Владимир Цеха хотя очень плохо видел, но рассмотрел двигавшихся людей и оленей. Он, несказанно обрадовавшись, заторопился, направился к людям, закричал. Но те почему-то повернули от него, побежали к оленям и уехали. Человек долго смотрел им вслед, тянул руки, звал, но силы уже покидали его, и он остановился. С трудом вернулся к самолету. Положение стало совсем безнадежным. Все чаще мутился рассудок, и только одна мысль теплилась в голове: "Не спать! Не сдаваться! Не спать!"

И он снова заставлял себя ковылять вокруг самолета…

…Отъехав на большое расстояние, Алеша Канев опомнился. За ним никто не гнался, не стрелял. Парень поехал к отцу.

Оленеводы переполошились: откуда в тундре самолет? Почему речь непонятная? Может быть, немцы высадили десант? Посовещавшись, утром 28 сентября вчетвером, захватив охотничьи ружья, они поехали к самолету. Соблюдая осторожность, остановились вдалеке, окружили.
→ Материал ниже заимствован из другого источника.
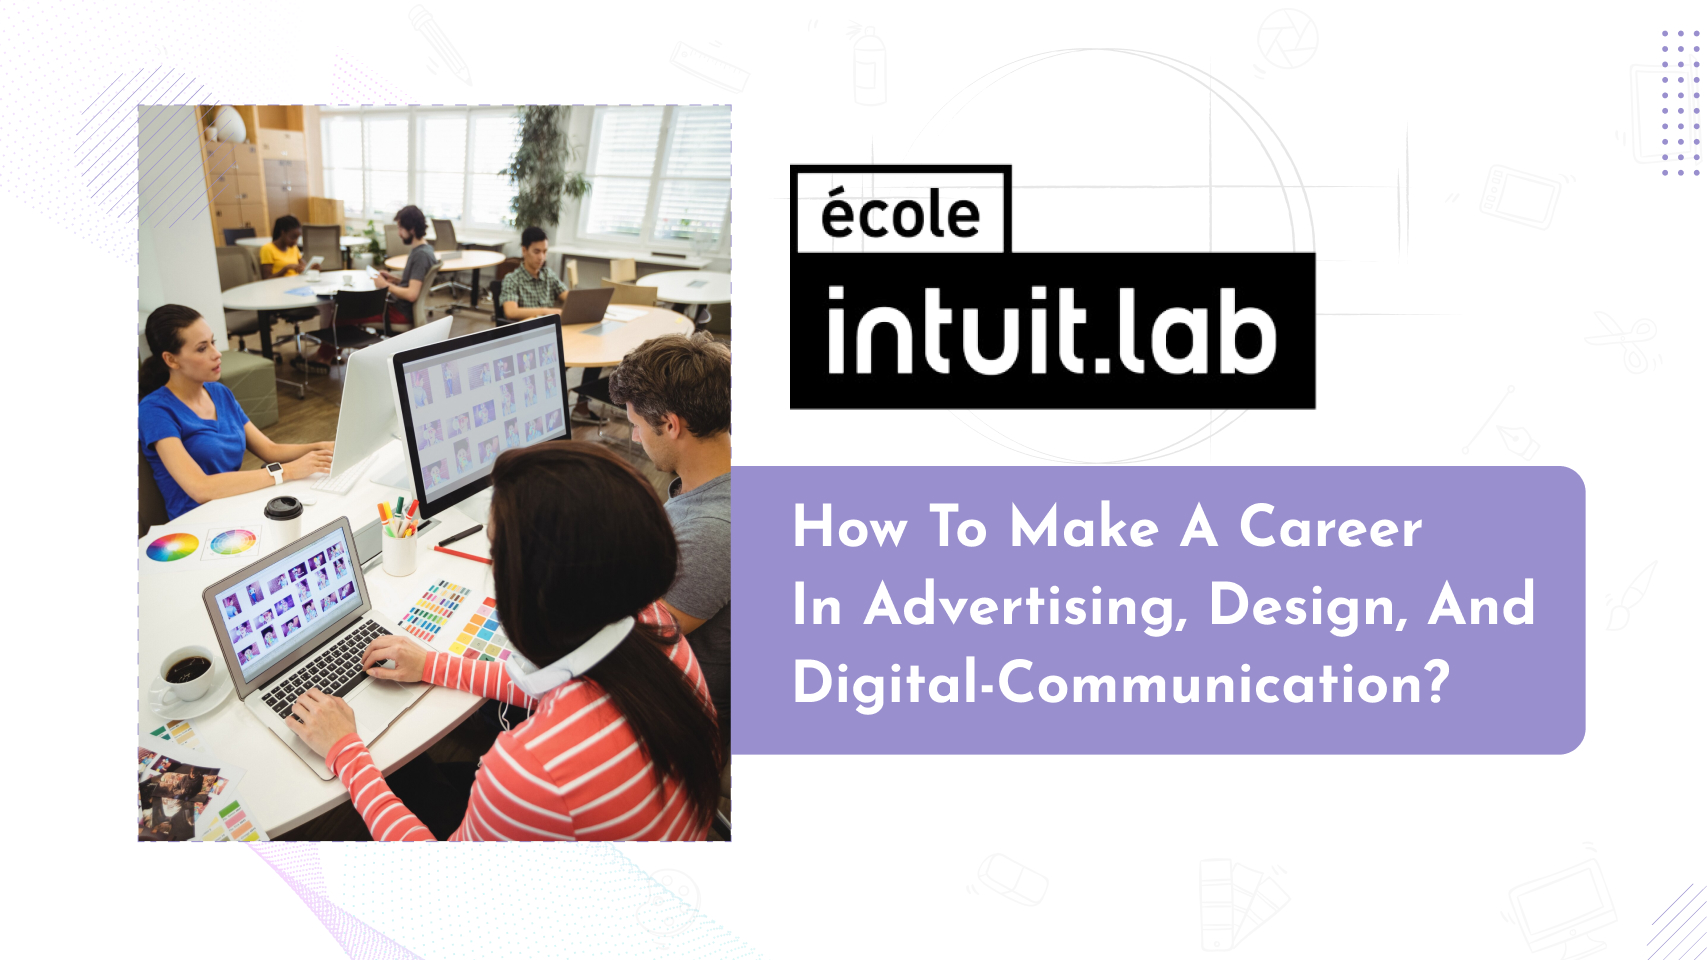 How to make a career in advertising, design, and digital-communication?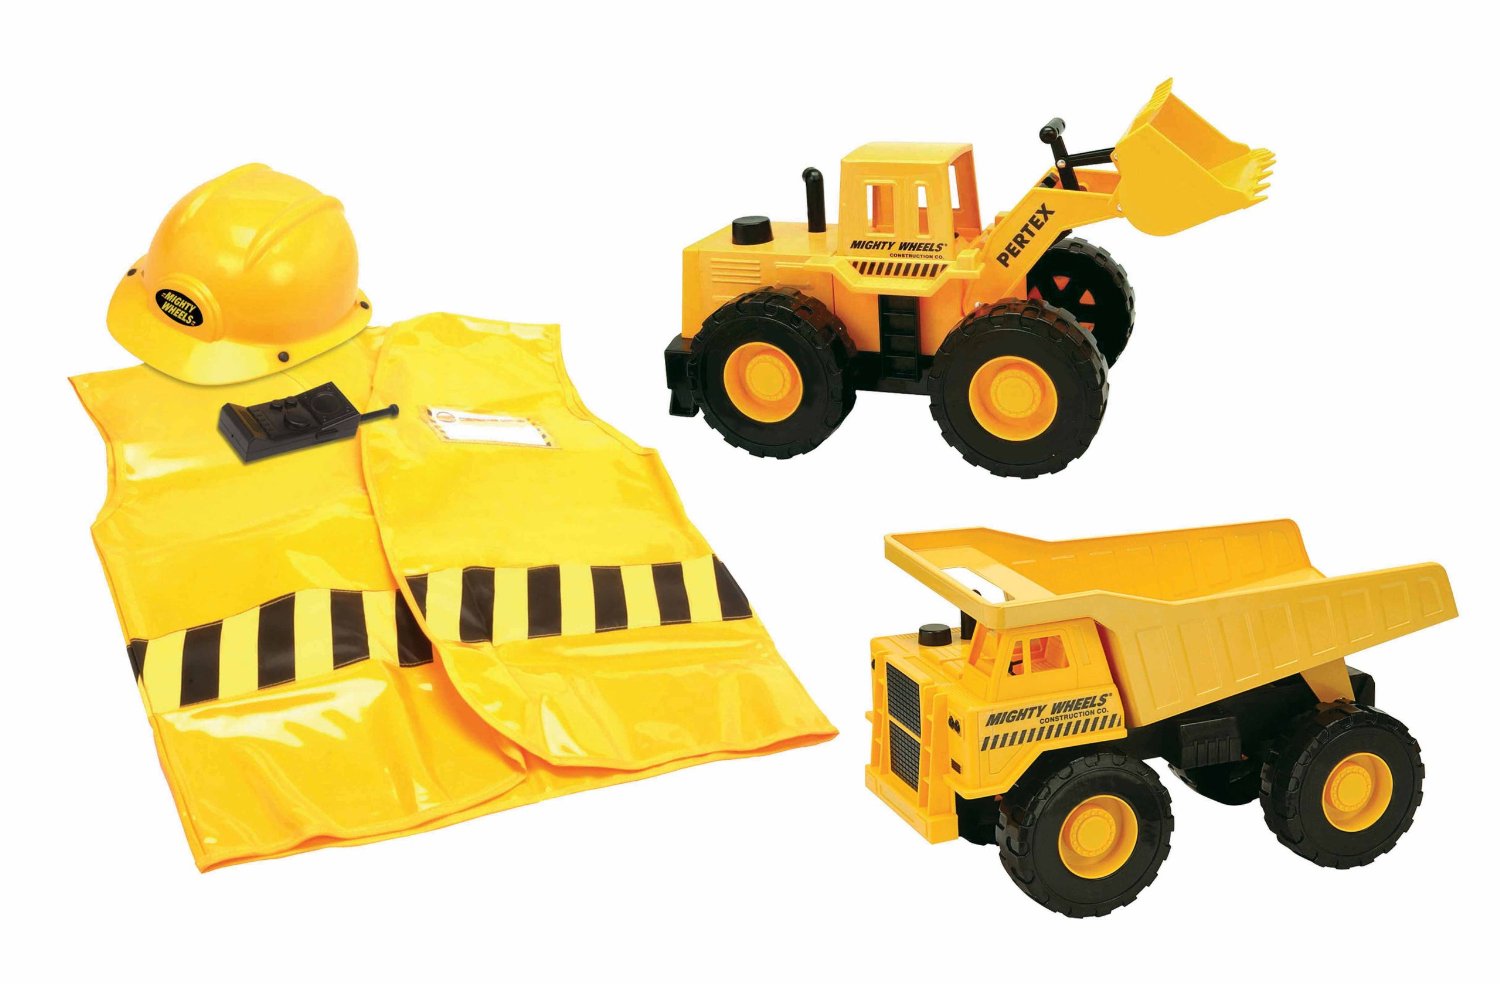 Mighty Wheels Steel Truck Roleplay Diecast Set Only $29.99 (Reg. $49.99)

По сигналу скрытно двинулись вперед. Когда приблизились на выстрел, Канев-отец вскочил и направился к самолету. Оттуда отделился и шагнул навстречу высокий человек в лохмотьях с совершенно черным лицом. Канев вскинул ружье, скомандовал: "Стой! Я буду стрелять!" Но человек еле держался на ногах, тянул к оленеводу черные руки и бормотал что-то несвязное. Бригадир отбросил ружье и подхватил вконец обессилевшего человека. Остальные подбежали на помощь. Они уже разглядели красные звезды на килях "Петлякова" и на обломках его крыльев. Пострадавшего осторожно уложили на нарты и увезли в куваксу.

Шел одиннадцатый день после катастрофы…

В куваксе оленеводы, как могли, оказали человеку первую помощь, поили его водой, оленьим молоком и спешно готовили упряжки в дальний путь - везти командира в Энск.

Цеха впал в беспамятство…

На другой день с утра Иван Харлин и Григорий Филиппов двинулись в путь. Только на второй день к вечеру они приехали в Энск. Техника передали в медпункт и сообщили на аэродром. Тогда-то и узнали там о судьбе экипажа сержанта Киселева.

Цеху срочно переправили в медицинский пункт мыса Корабельного. Врач немедленно ампутировал ему ступни обеих ног и сообщил в Архангельск, просил срочную помощь.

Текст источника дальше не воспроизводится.